TORONTO – EQB Inc. says it has agreed to acquire PC Financial from Loblaw Companies Ltd. for an estimated $800 million.
Under the terms, one or more subsidiaries of Loblaw will be issued 7.2 million common shares of EQB, representing around 16 per cent of its issued and outstanding common shares. EQB CEO Chadwick Westlake said in the press release that the company looks forward to having Loblaw as a shareholder and long-term partner.
“By combining EQ Bank’s exceptional digital platform and product shelf with PC Financial’s spending solutions, distribution and expertise in loyalty, we’re creating a better banking ecosystem for all Canadians that prioritizes innovation and value,” he said.

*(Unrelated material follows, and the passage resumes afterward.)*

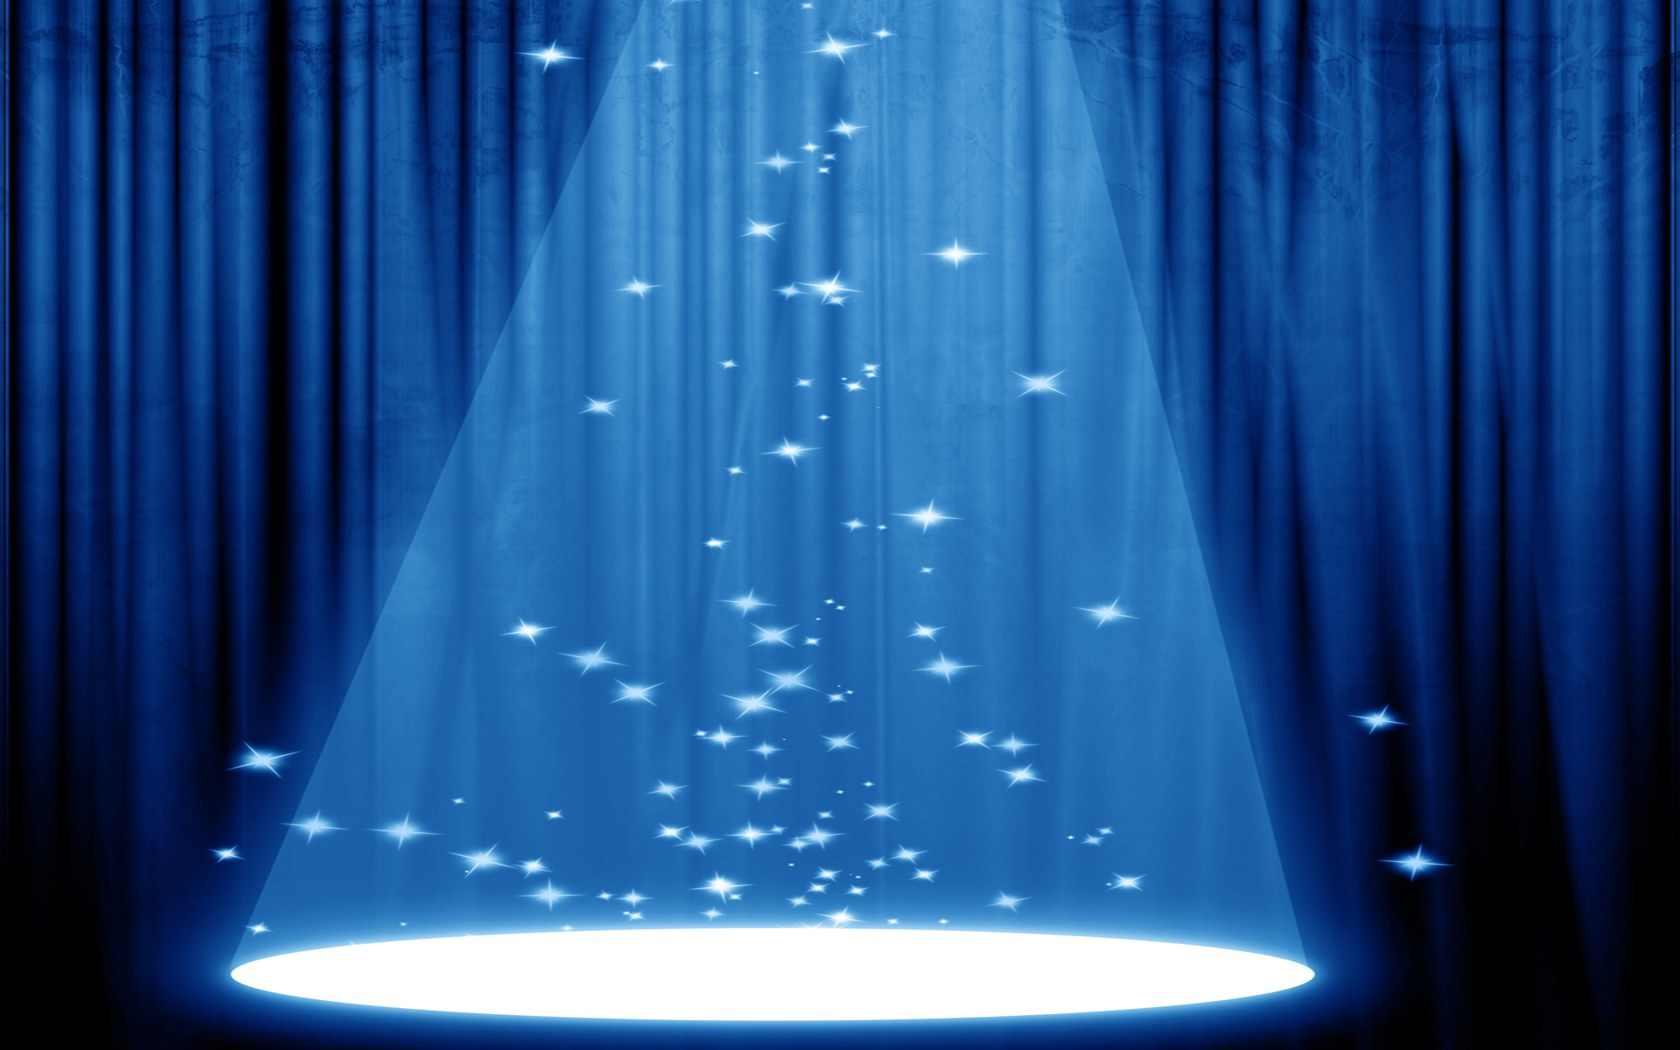 Stage curtains spotlight - Stage Curtains Spotlight 45

The owner of EQ Bank will acquire President’s Choice Bank, PC Financial Insurance Agency Inc., PC Financial Insurance Brokers Inc. and other entities of PC Bank.

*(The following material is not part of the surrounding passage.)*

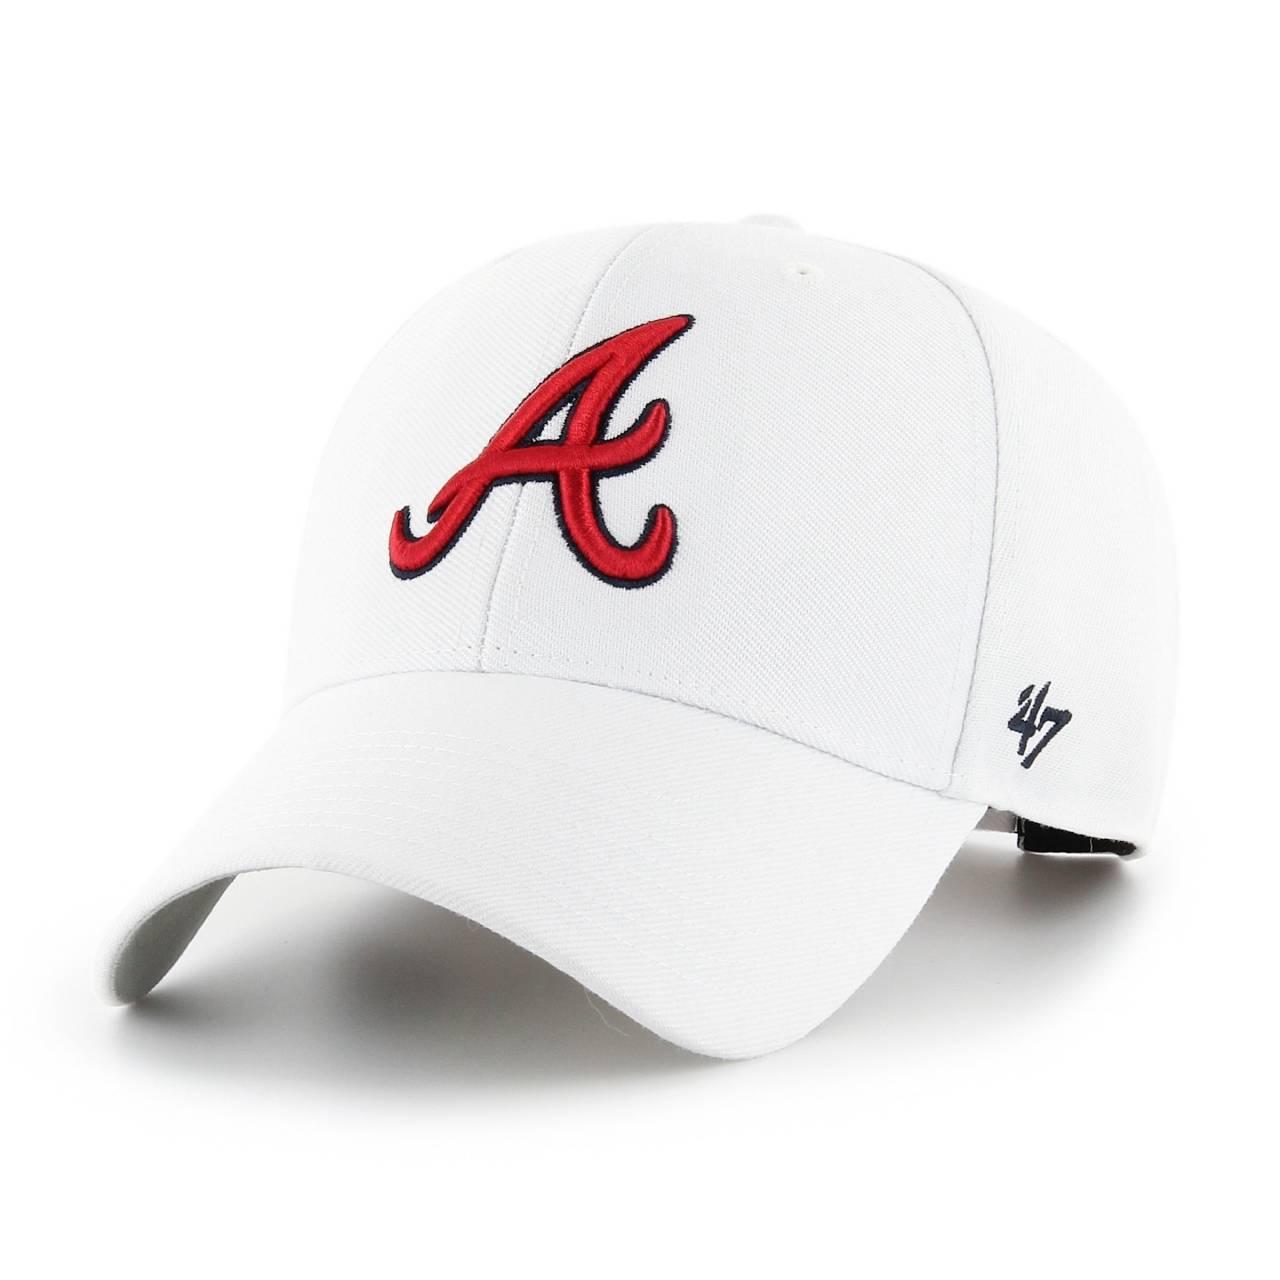 MLB ATLANTA BRAVES '47 MVP CAP WHITE

As part of the agreement, EQB will enter into a strategic relationship with Loblaw to become the exclusive financial partner of the PC Optimum loyalty program.

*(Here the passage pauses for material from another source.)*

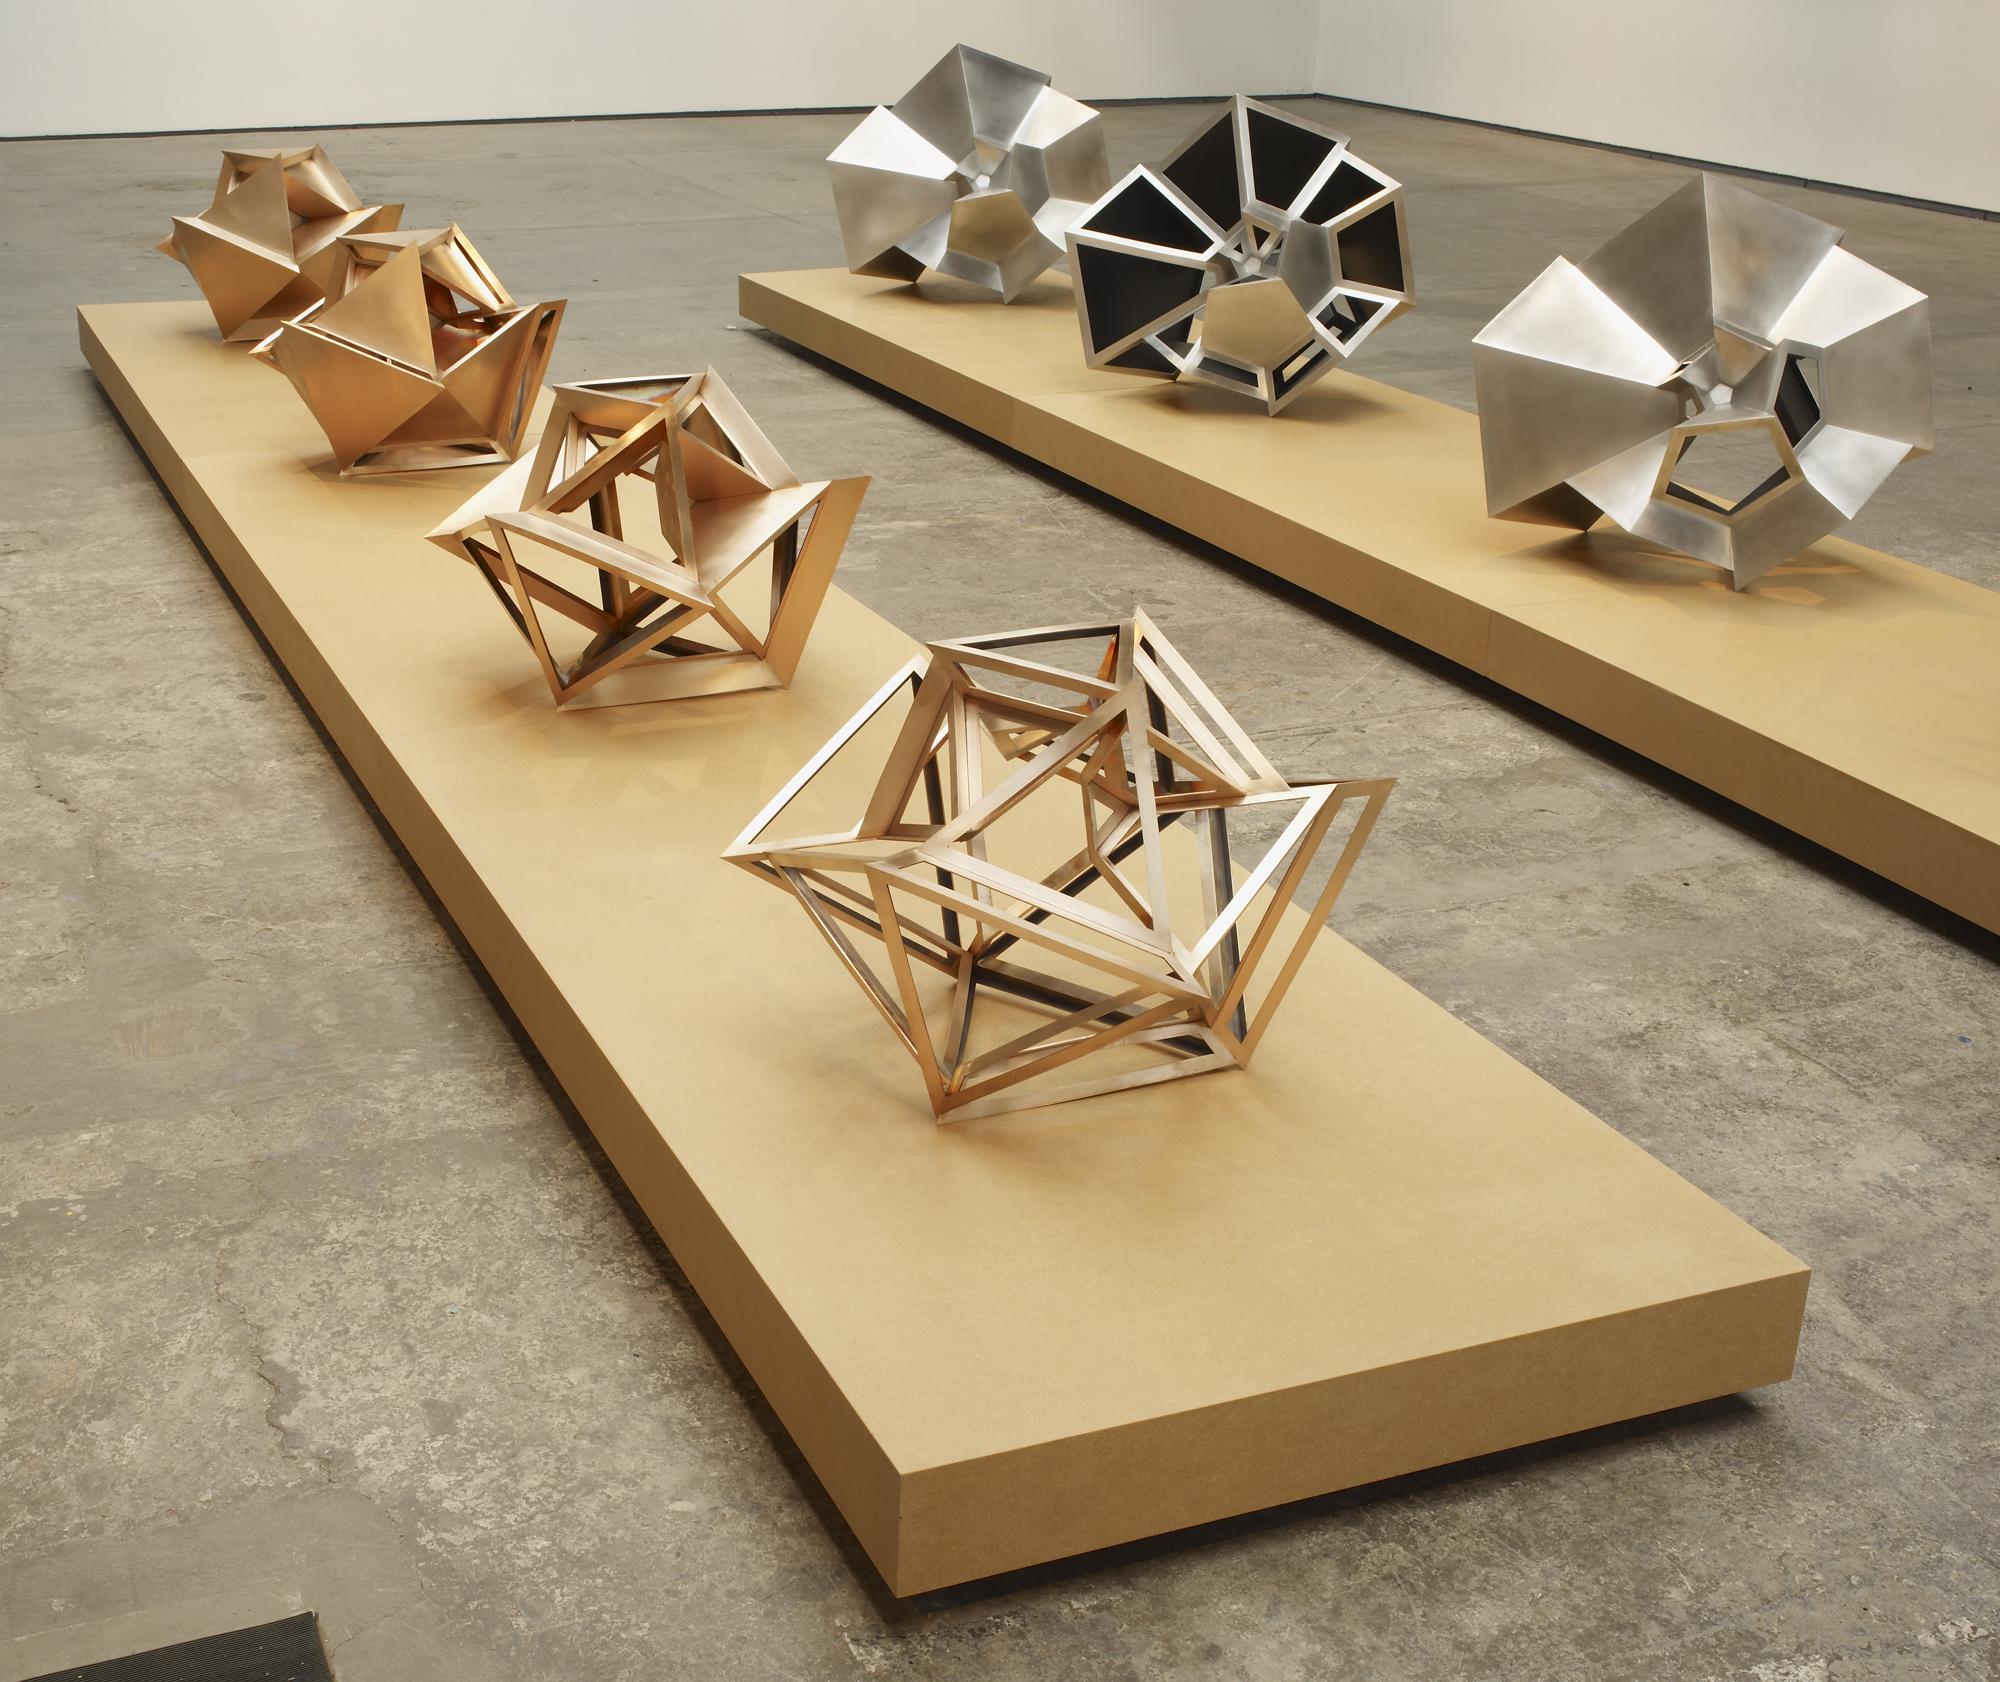 CS241_Perimeter Studies (Icosahedron) group

EQB said the acquisition will expand its total customer base by nearly 3.5 million while adding $5.8 billion in assets.
“Through this strategic relationship, we unlock significant value and sharpen our focus on our core retail business, while ensuring PC Financial is best positioned for long-term success with a dedicated banking partner who we will have an ownership position in,” Loblaw CFO Richard Dufresne said in a statement.
The deal is expected to close in 2026 and is subject to closing conditions and regulatory approvals
The acquisition was announced as the Toronto-based firm reported earnings for the fourth quarter and the 2025 fiscal year.